How to complete this task
Without changing a word, repeat the data, and include no pictures.

START Working data

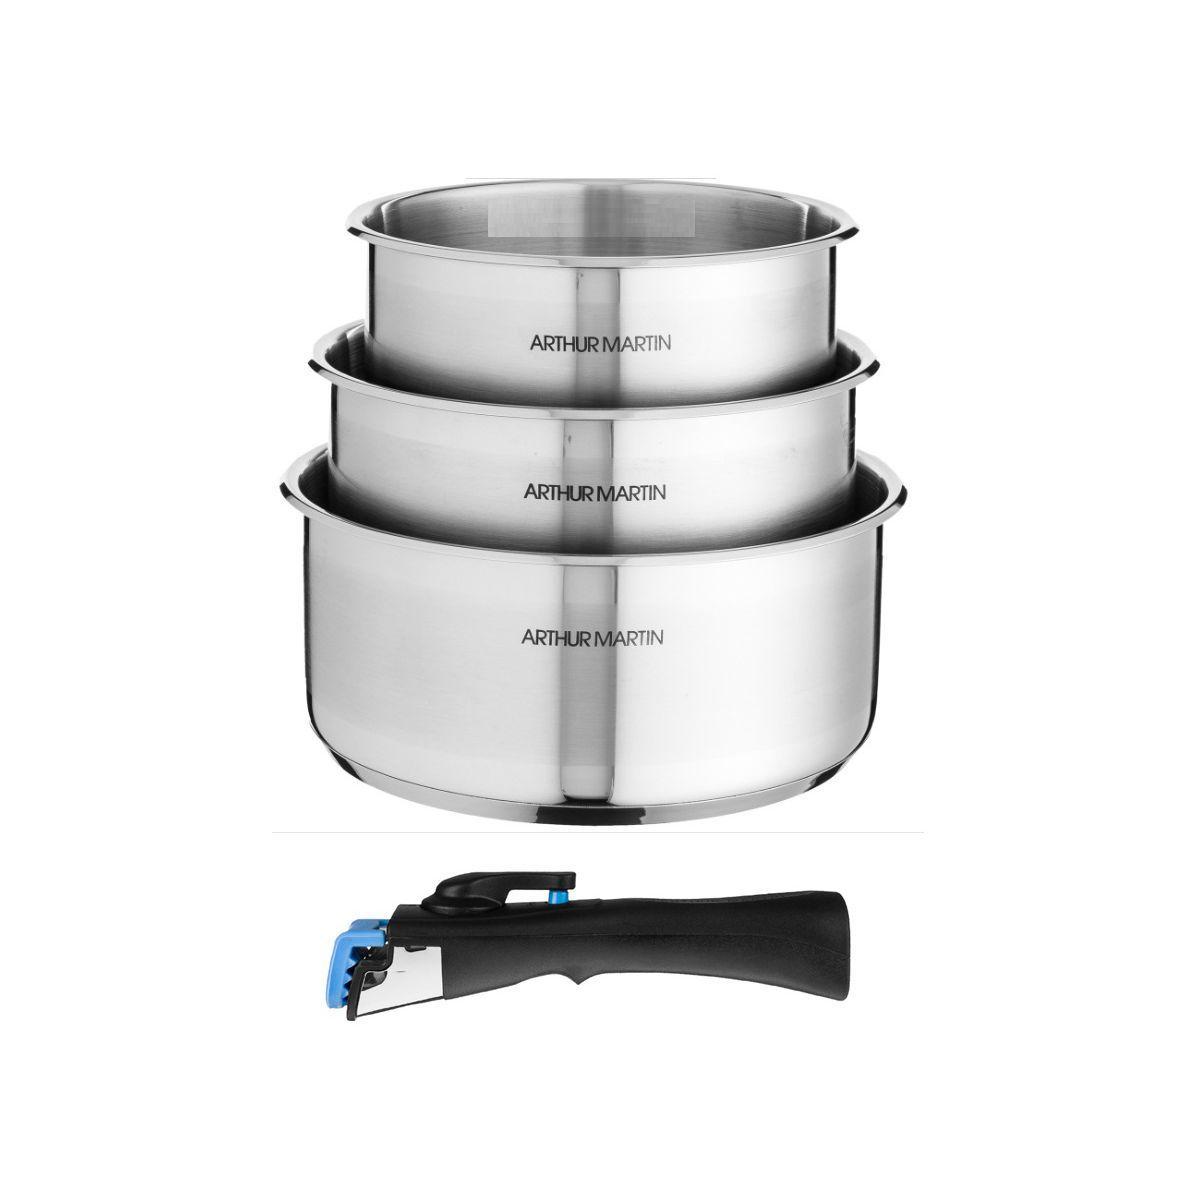 Batterie de cuisine arthur martin 3 casseroles 16/18/20cm + poign�e - 5531 - 2% de remise imm�diate avec le code : fete2 (photo)
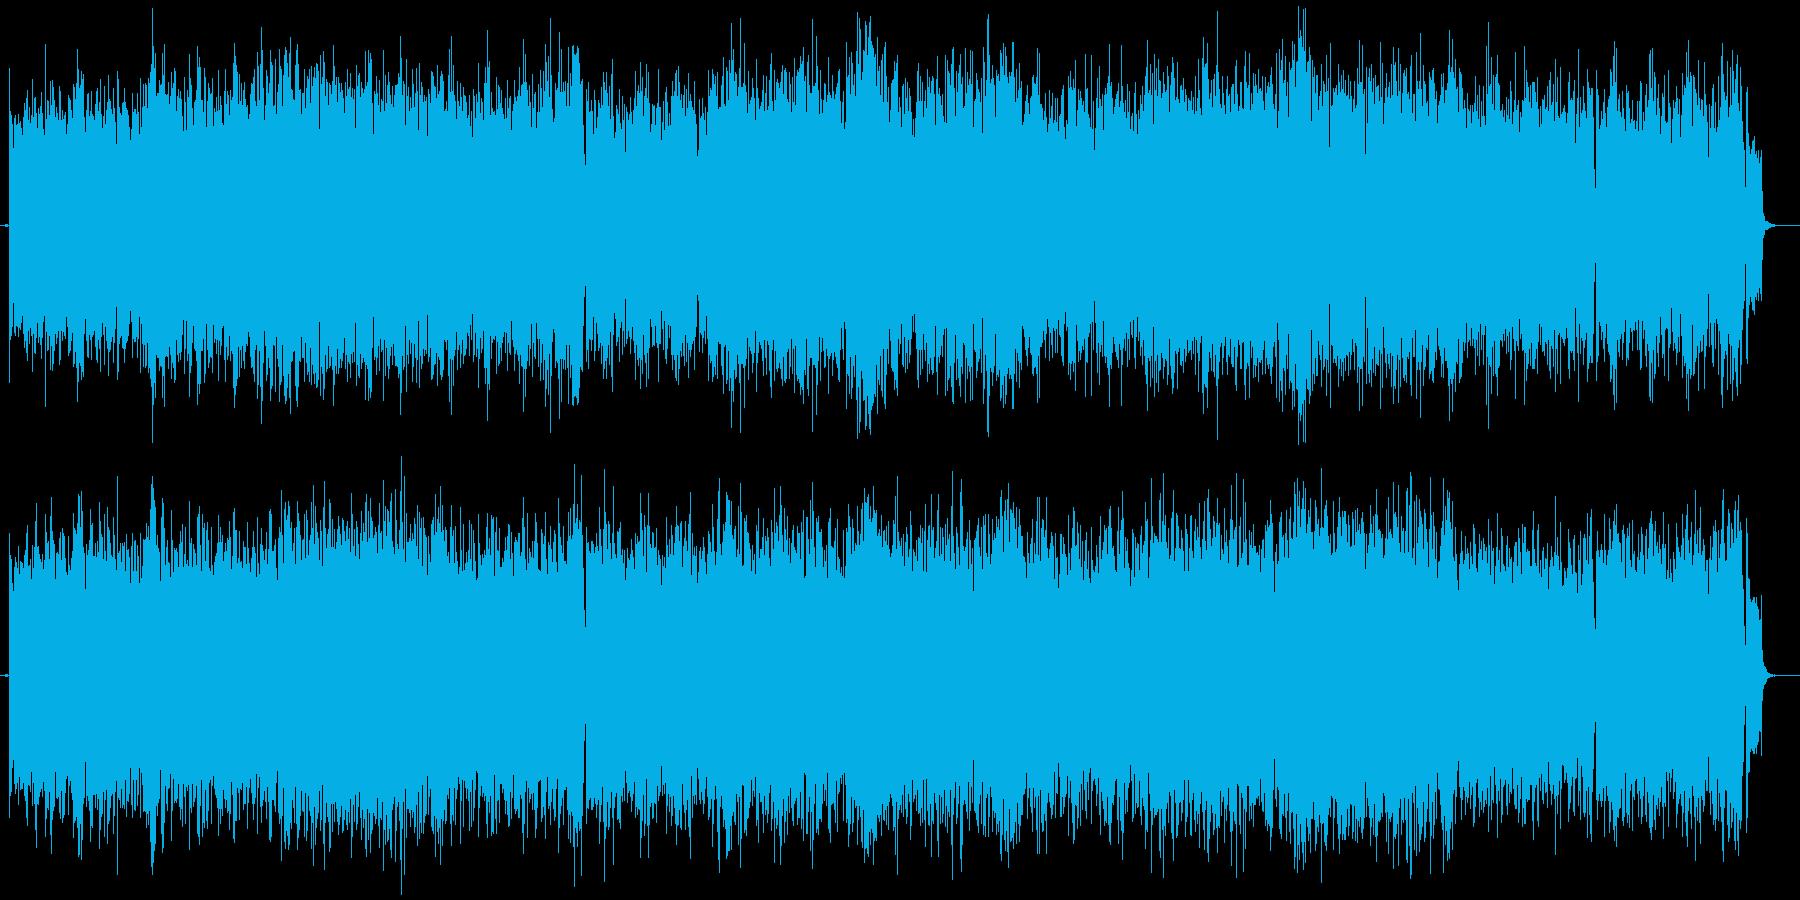 アイルランド音楽のリールセッションの再生済みの波形
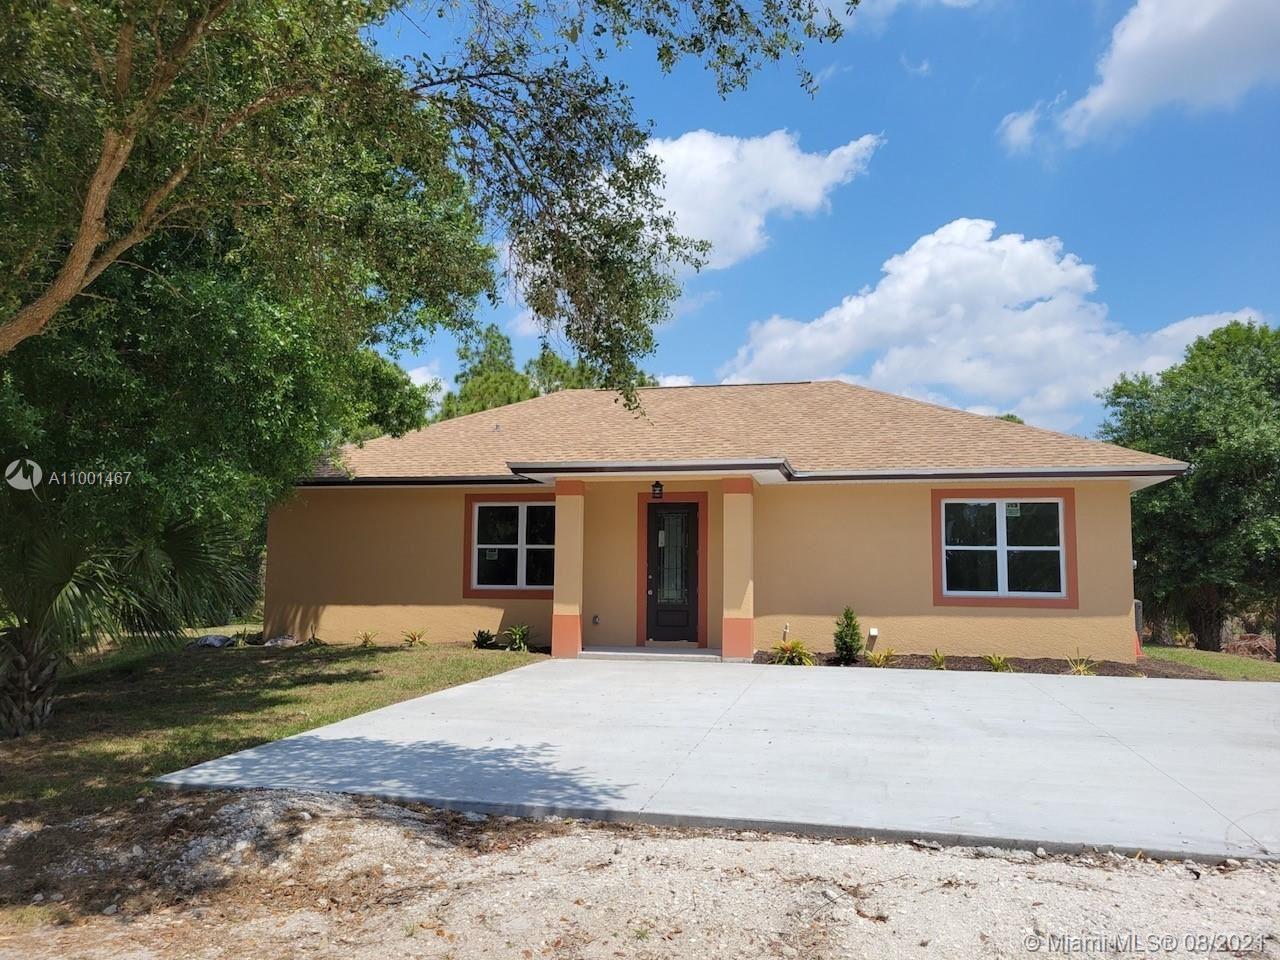 533 Horse Club, Clewiston, FL 33440 - #: A11001467
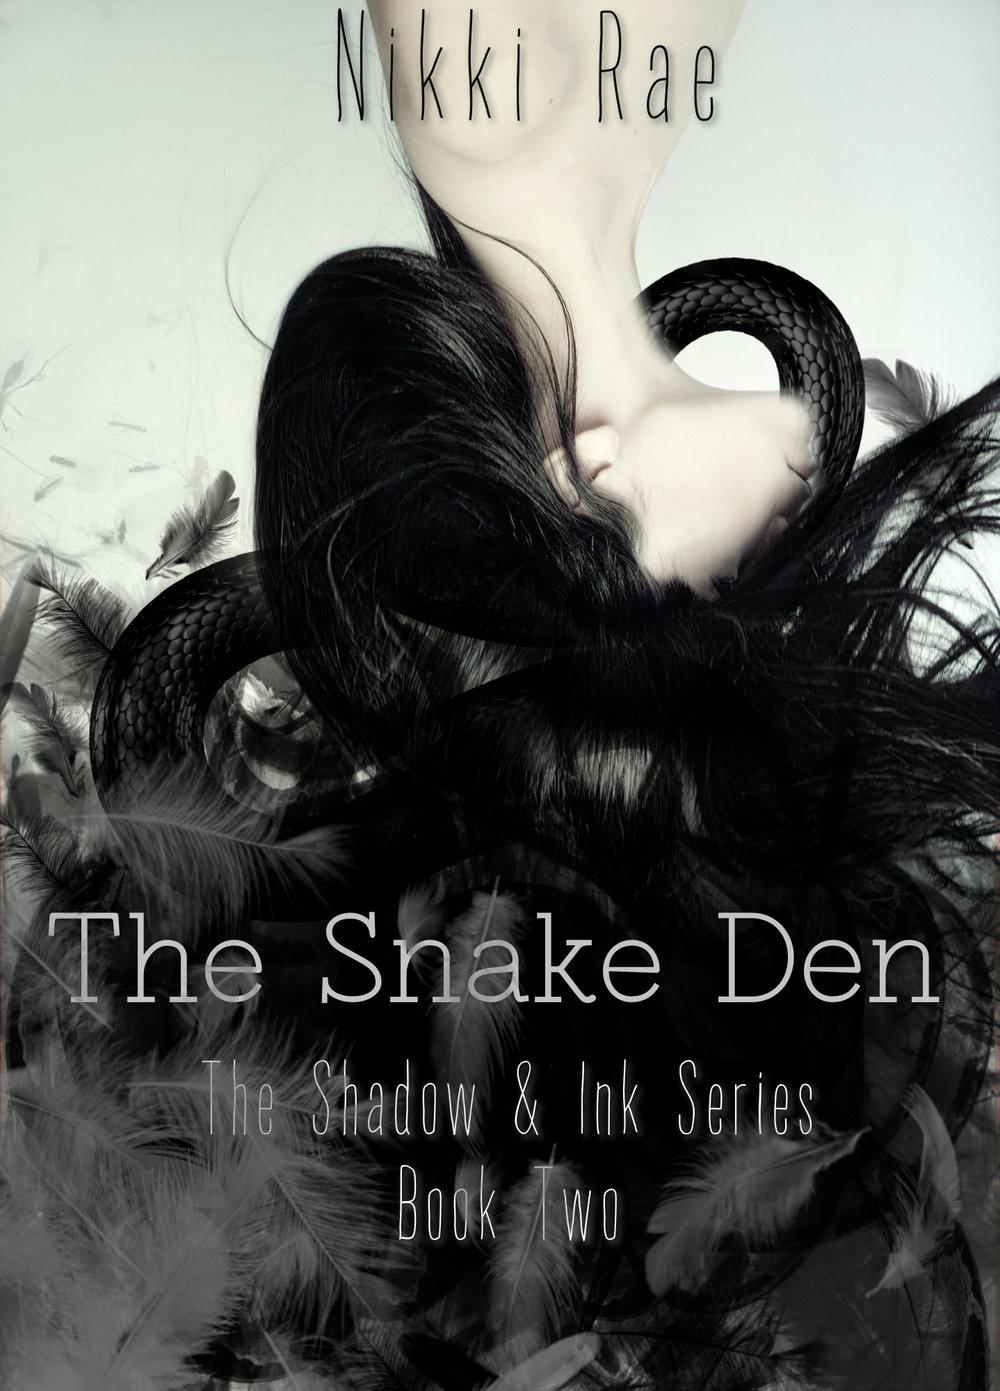 snake den cover white feathers snake not face.jpg
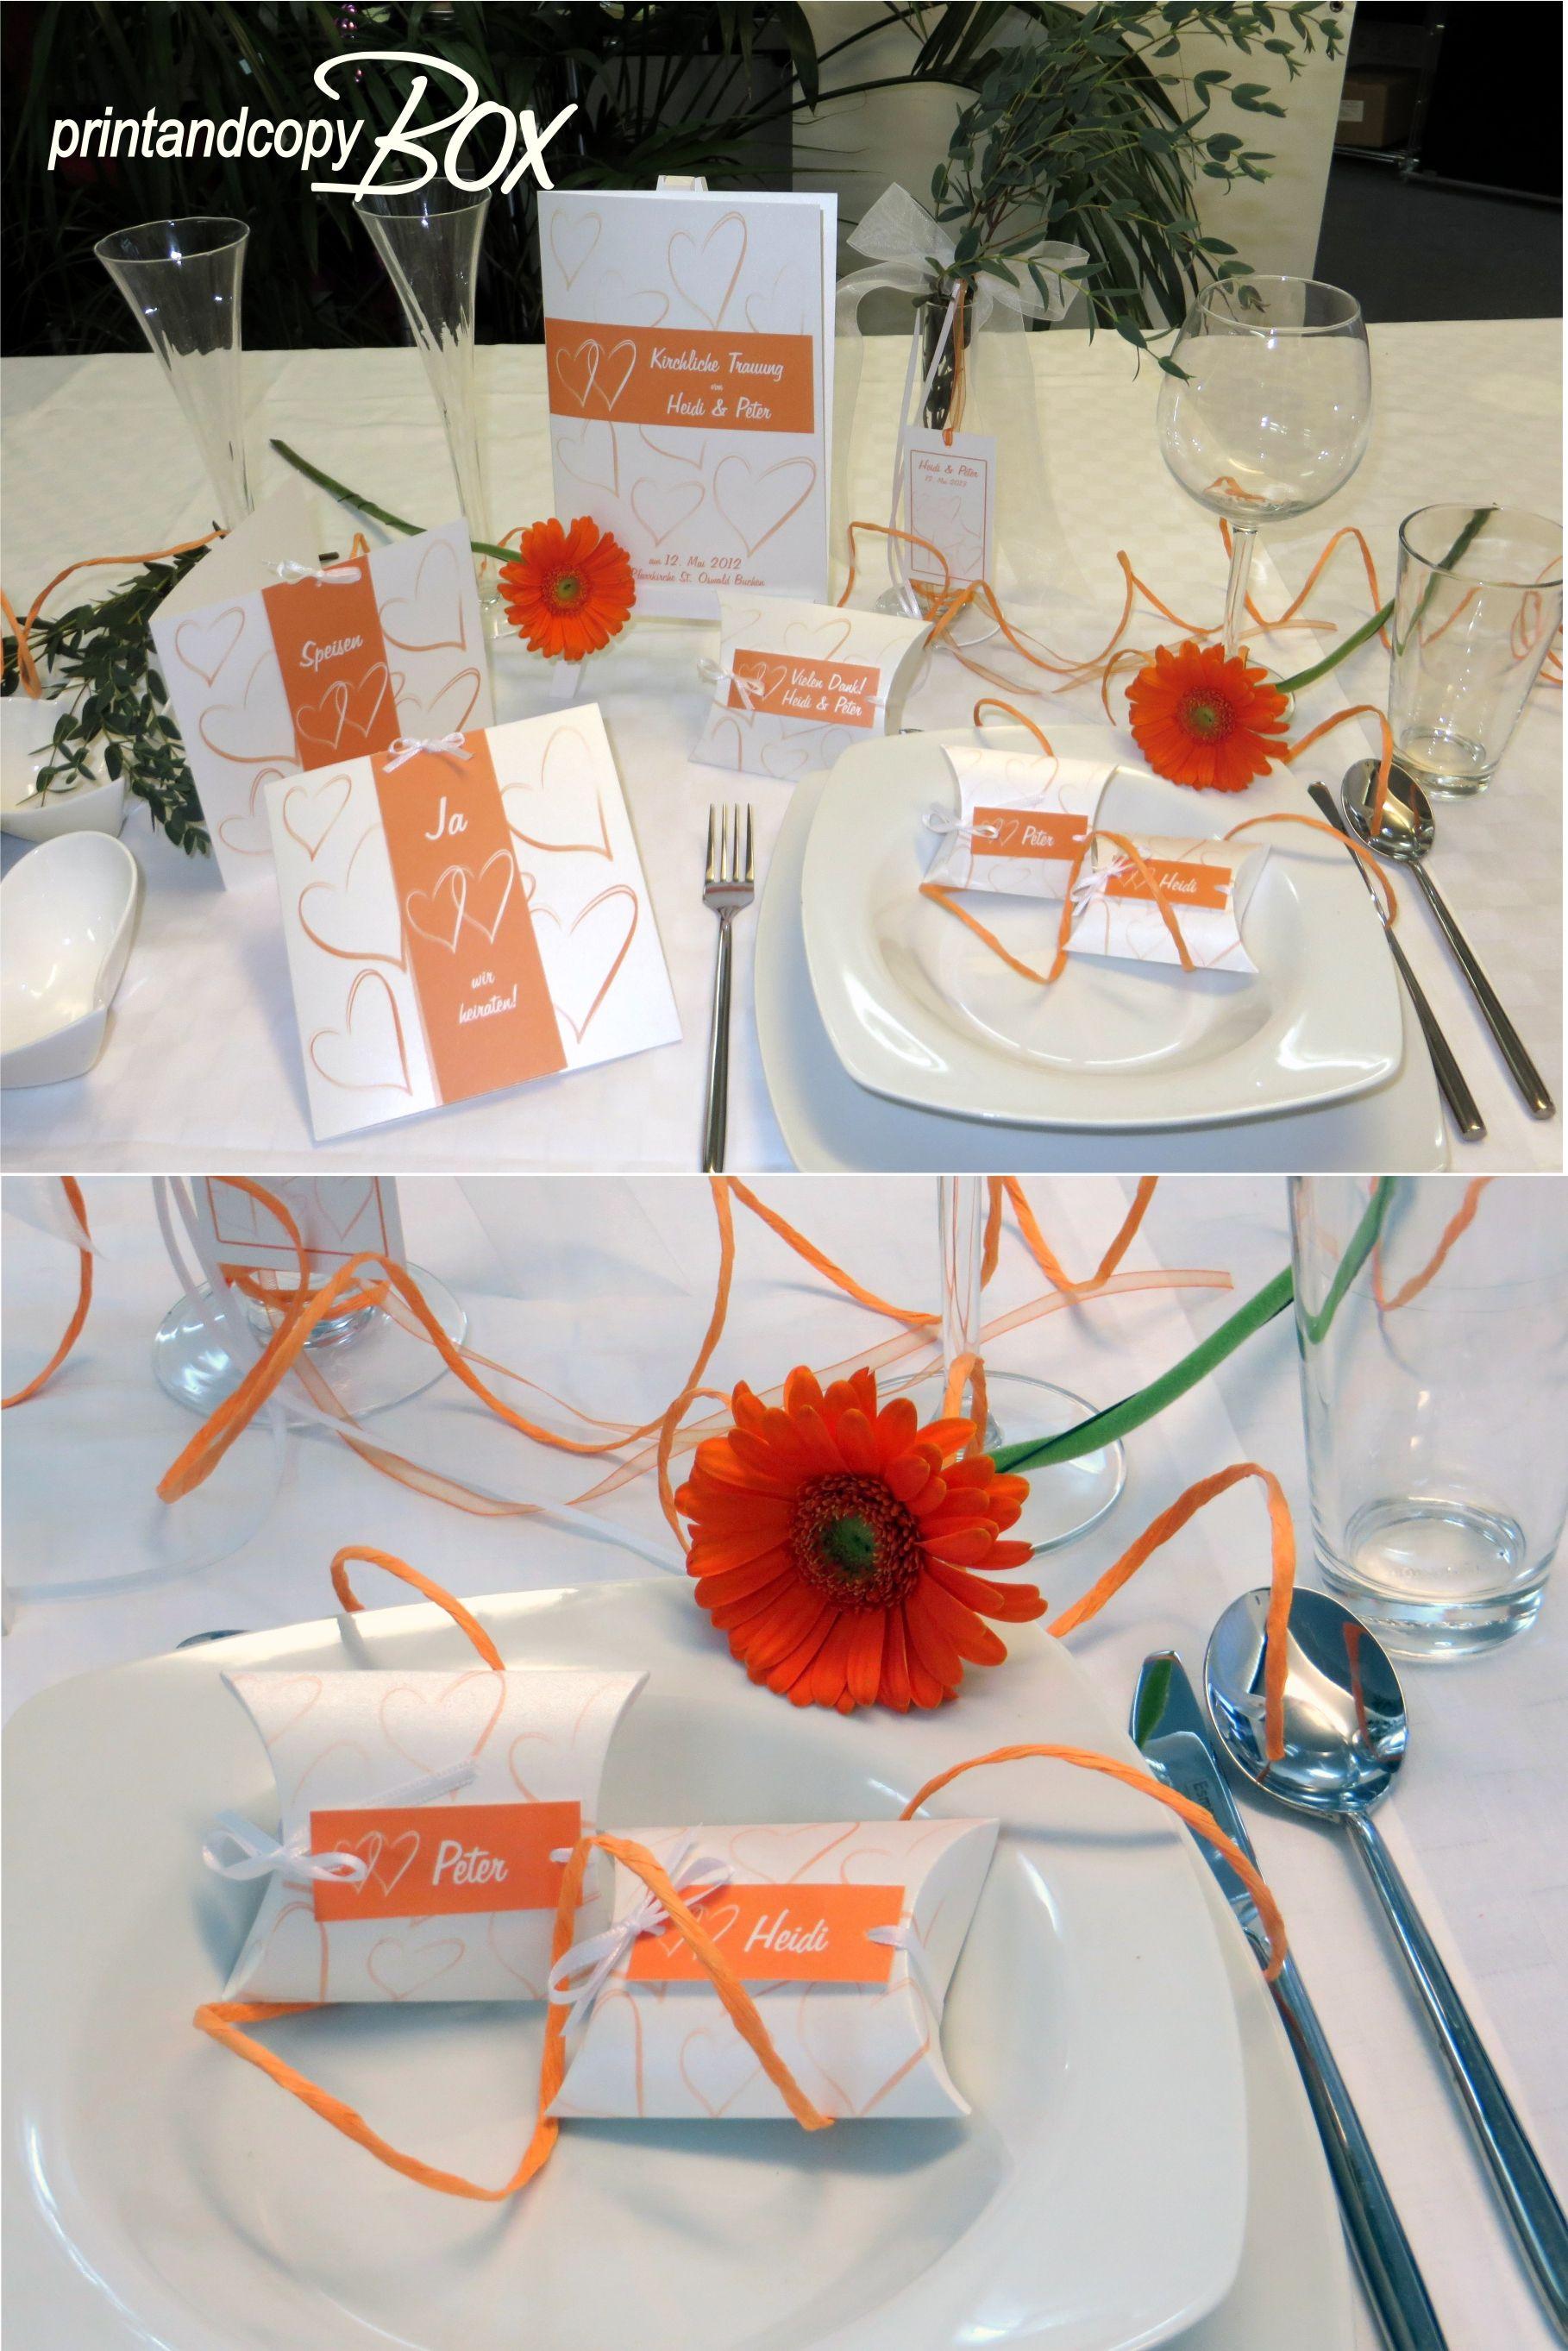 Hochzeitspapterie mit frischen orangen Details.

END Working data

Response to the exercise
 Batterie de cuisine arthur martin 3 casseroles 16/18/20cm + poign�e - 5531 - 2% de remise imm�diate avec le code : fete2 (photo)
 アイルランド音楽のリールセッションの再生済みの波形
 533 Horse Club, Clewiston, FL 33440 - #: A11001467
 snake den cover white feathers snake not face.jpg
 Hochzeitspapterie mit frischen orangen Details.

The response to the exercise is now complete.